My suggestion for authors is pretty the same as it was when I last wrote about this topic. If you’re planning to publish a book that’s not a standard ebook or a simply fiction or nonfiction book that doesn’t require special binding, special paper, an odd format, high quality color reproduction, or any of the other things that you can’t do with print on demand, do yourself a favor.

Find a book professional and run your idea past them, it could save you a lot of frustration down the road.

journal
marketing

9 Comments

  1. Edwina Owens Elliott

    I kinda sorta made this mistake, producing a very expensive 10×10″ full color artbook. I really didn’t want to go over 30.00 for an asking price but I had to, just to break even. Of course, the more orders I get in, the less each book will cost to print so, I’ve really got to hustle my ass off to make this work. Thank goodness I was only looking to supplement my income with this venture. Otherwise I’d be up the creek.

    Reply
  2. Carolf Stine

    Do you have a book on how to set up a blog, or do you recomment Yaro Starak?

    Reply
    • Joel Friedlander

      Carolf, you can find many articles about blogging for authors here: Author Blogging 101 Articles although I don’t have a book on the subject.

      And yes, I highly recommend Yaro’s Blog Mastermind program, that’s how I got started. Here’s my link for his Blog Profits Blueprint, an amazing free ebook that will explain the whole process. (affiliate)

      Reply
  3. Michael W. Perry

    Quote: For instance, it’s simply not possible to publish an 800-page novel via print on demand and set your retail price at $9.95. Why? Because the book will cost you over $11.00 to produce, while you’ll receive less than $6.00 when each book is sold.

    How true! Even breaking that 800-page novel into four 200-page ones would be iffy to sell for $9.95 each, particularly given that you’ve now got to cover the costs of four covers rather than one. I generally find that, taking into account bookstore discounts, I need to price a 200-page book around $14.95 for publishing it to make sense.
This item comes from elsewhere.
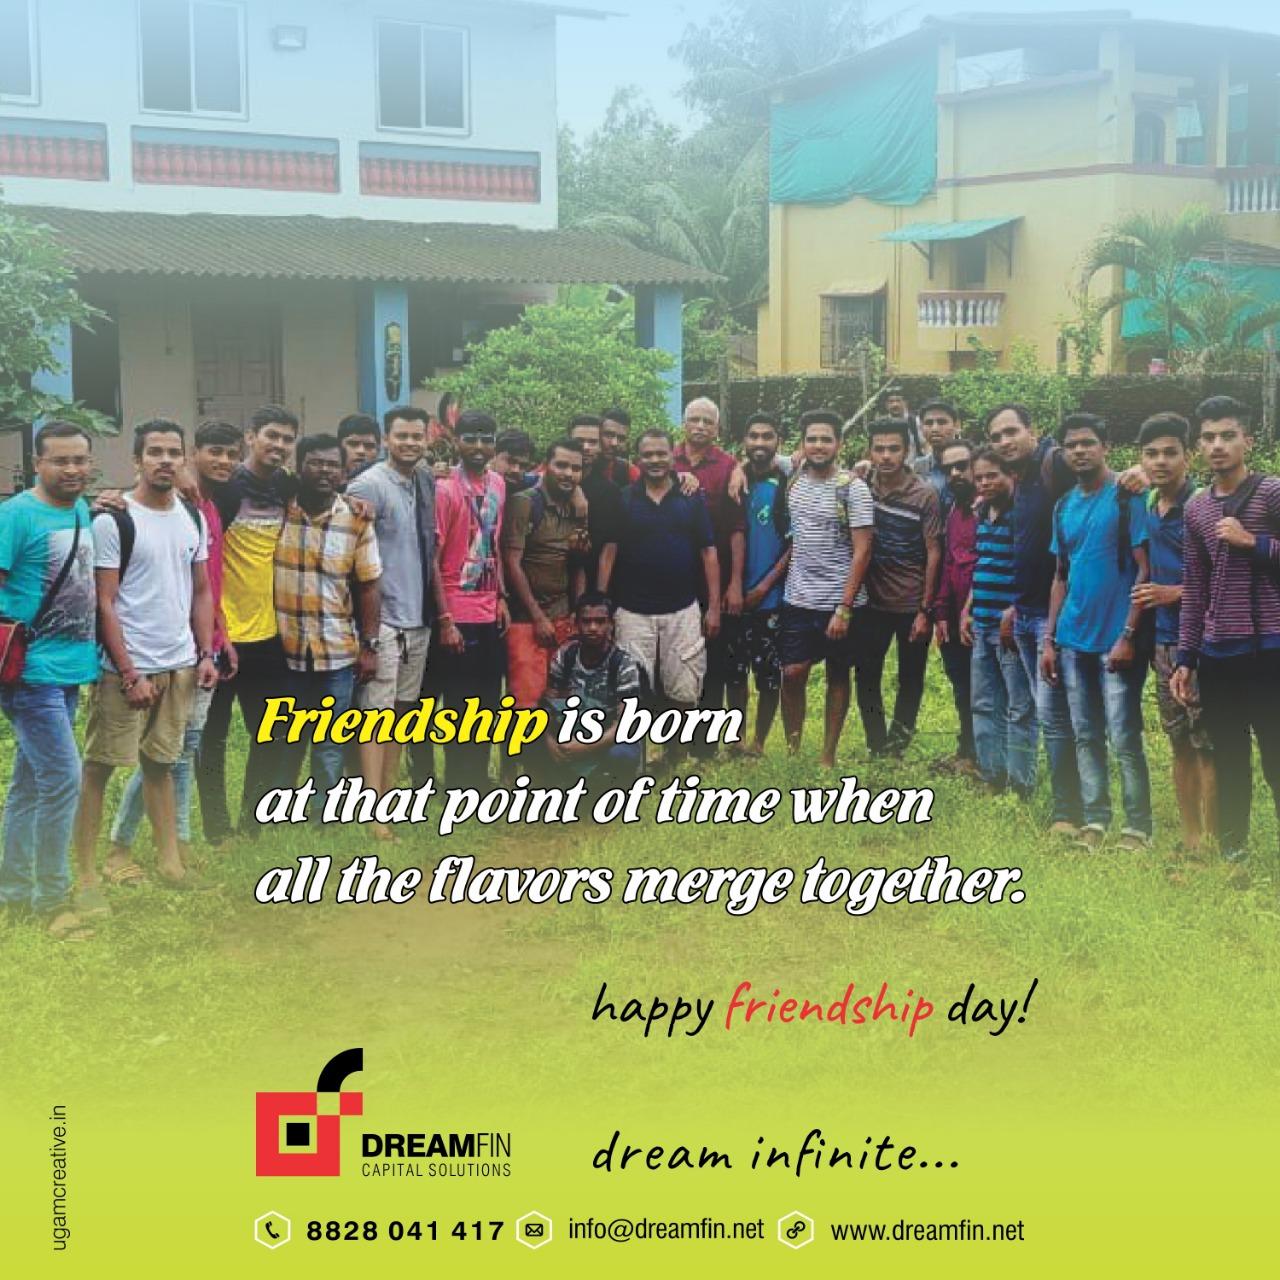 Dreamfin_friendshipday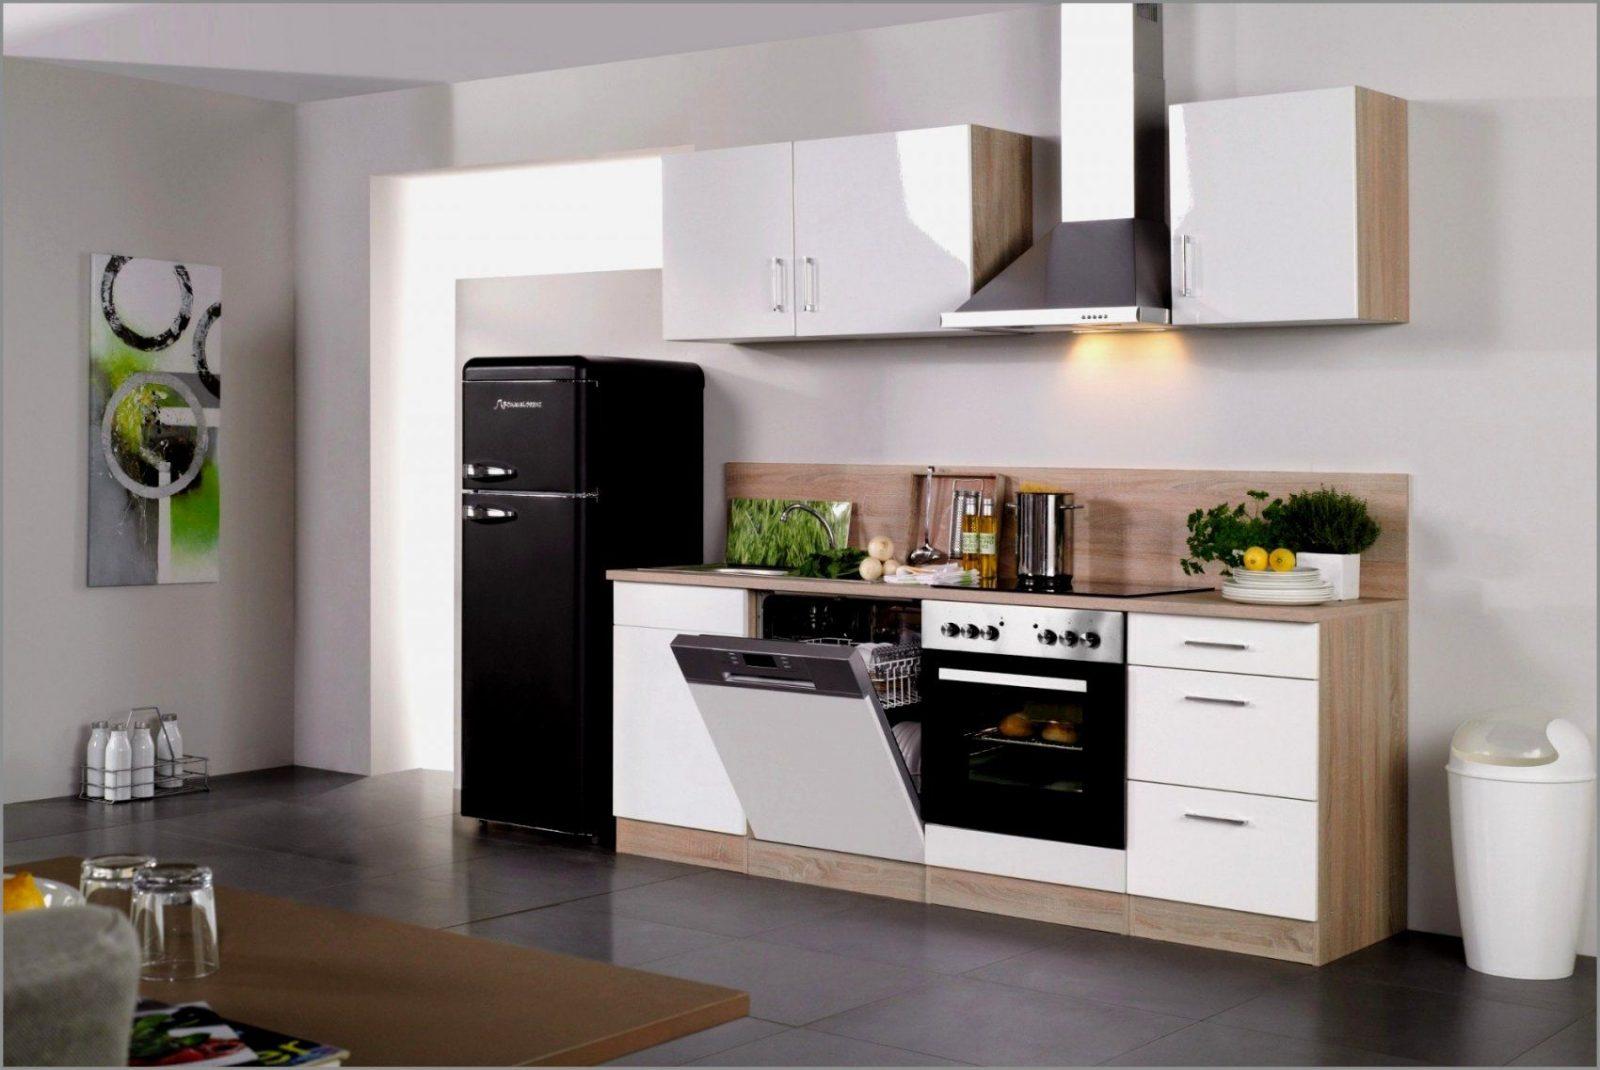 Miniküche Ohne Kühlschrank Gebraucht : Küchenblock ohne kühlschrank küchenzeile ohne kühlschrank

If they want cheaper than that, they can buy digital.

    There are a few tricks that will keep costs down while remaining attractive. Near the end, when I’ve got the final page breaks coming together, I do my best to have chapters end well down on a left-hand page. That reduces the page count and means each chapter can start on a right-hand page, which looks good. There will also gets rid of partially filled right-hand pages or blank left-hand pages, both of which look poor. I suspect some major publishers employ editors who do just that, particularly for books that are expected to sell well.

    Besides, if you’re writing is like mine it is always improved by a bit more brevity.

    Reply
    • Joel Friedlander

      Michael, I couldn’t agree more about the salutary effects on my work of “writing shorter,” or aggressively pruning from one draft to the next.

      Reply
  4. Bill Hines

    Joel, sorry to post here, but I love your book templates but nobody ever answers questions sent to the contact me page about them. Just bringing it to your attention. I’d like to buy more, but have questions.

    Reply
    • Joel Friedlander

      Bill,

      Sorry you’re having trouble getting support, I’ve forwarded your inquiry to our support department and you will be hearing from them shortly.

      Reply
  5. Ernie Zelinski

    Great advice. Problem is, the people who need to follow this advice most likely will reject it. Need I say more?

    Reply
    • Joel Friedlander

      Ernie, unfortunately, I’m pretty sure you are correct. However, there’s a big audience out there, and author education is my top priority here, so on we go.